No, instead you can just fire off an email, write a blog posting, and then turn up the air conditioning and the lights and stretch out on the couch and read a good book.
That being said, I have myself translating the online into real world action on a number of occasions. As I wrote in the StimulusWatch blog, it was an online posting that led me to an event that started a chain leading to the creation of the project.
That same event, and online chatter about a local conference, also led me (as partially outlined in my posting Making government data visible - and is Change coming to Ottawa?) to ChangeCamp Ottawa, a very real event happening at City Hall on May 16, which I have been helping to organise, an event which of course has a substantial online presence including a social network for the specific event, as well as being part of the larger ChangeCamp group on Facebook.

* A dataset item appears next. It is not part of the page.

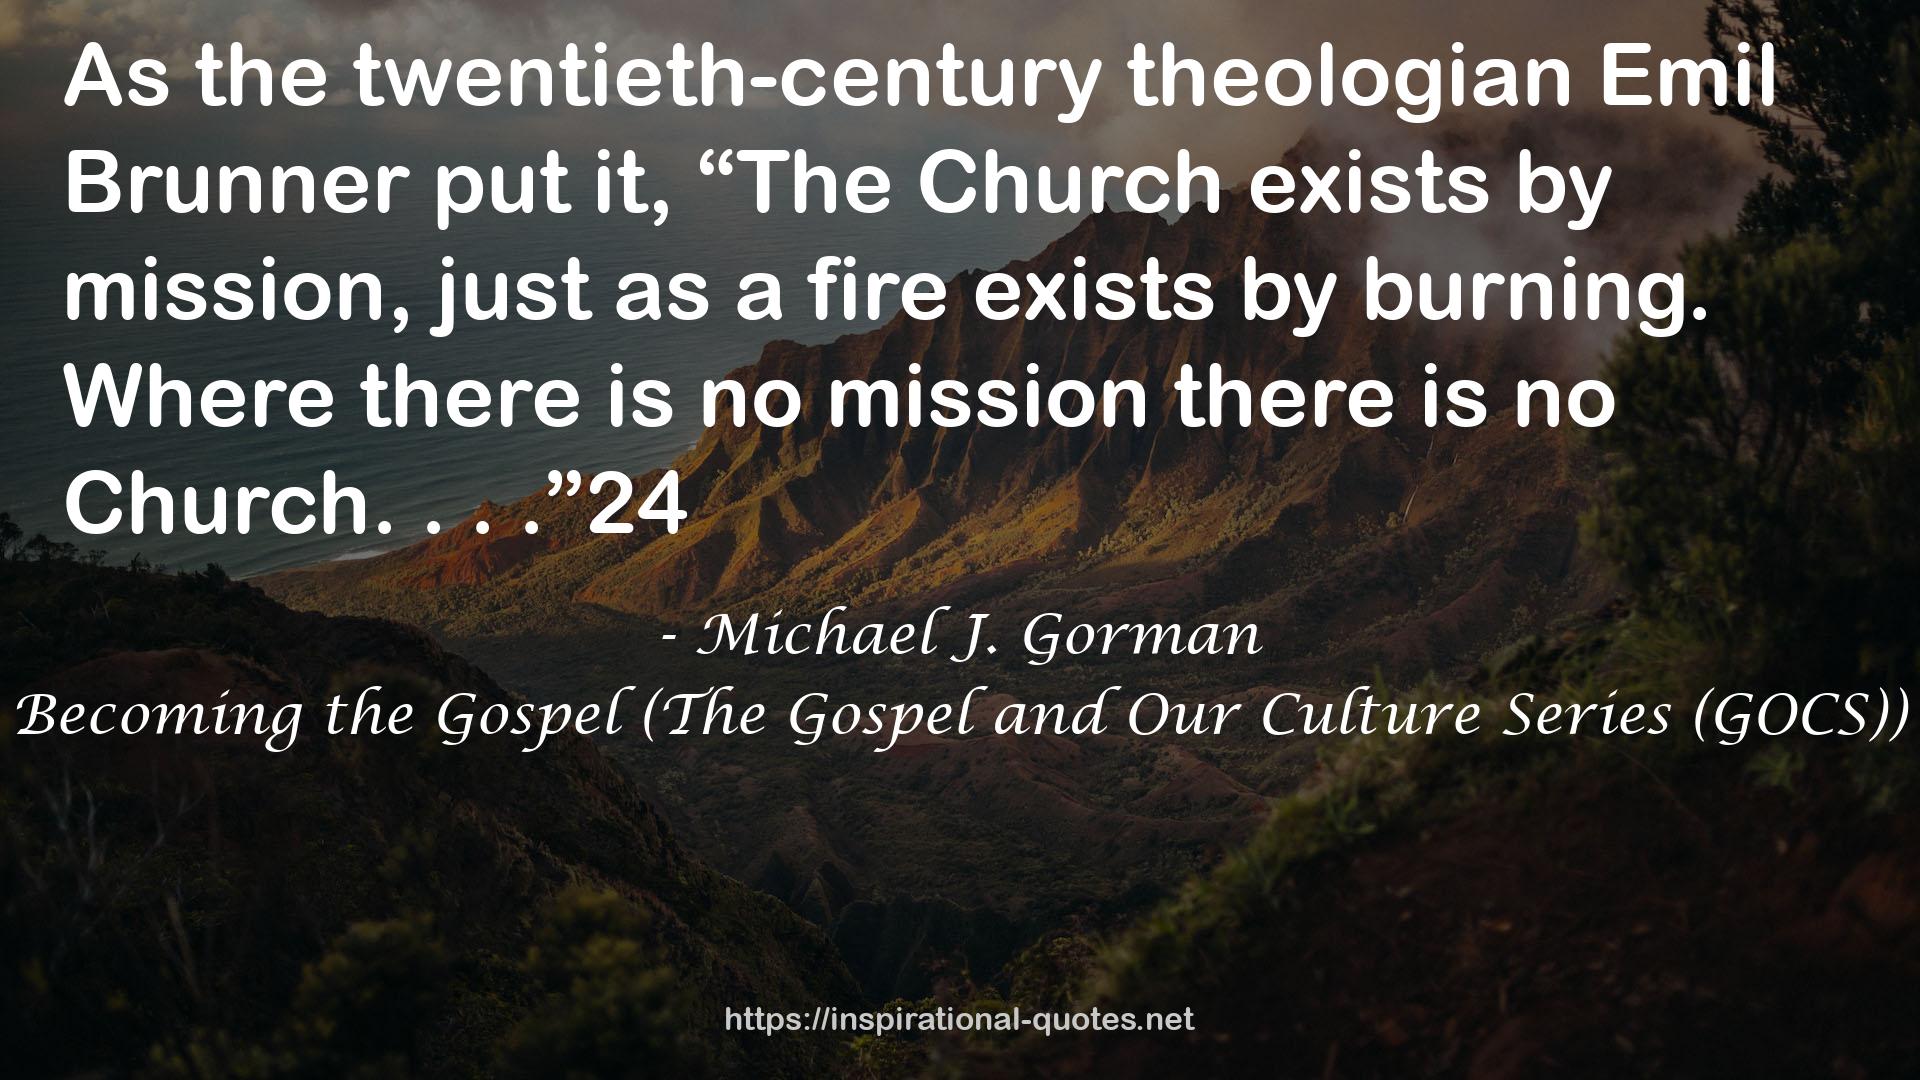 Becoming the Gospel (The Gospel and Our Culture Series (GOCS)) QUOTES

Similarly, a local news article in a free neighbourhood paper (yes, in print, with ink and everything) about a small garden/park space led me to a Facebook group which led me to an offline meeting which led me to create http://www.savethegarden.ca/
And of course, on a much more spectacular scale, the Obama campaign used (and continues to use) online organising as a tool, but they were very clear that the purpose of online was to drive a very extensive (and successful) ground game, people talking and knocking on doors, calling on phones, out in the real world.
So I think when it works best, the online world leads you offline, and offline leads you back online. It's an ongoing discussion that flows across place and time.
Discussions enable meetings, data enables websites, websites enable more meetings, meetings come to consensus on APIs, APIs enable mashups... round and round it goes.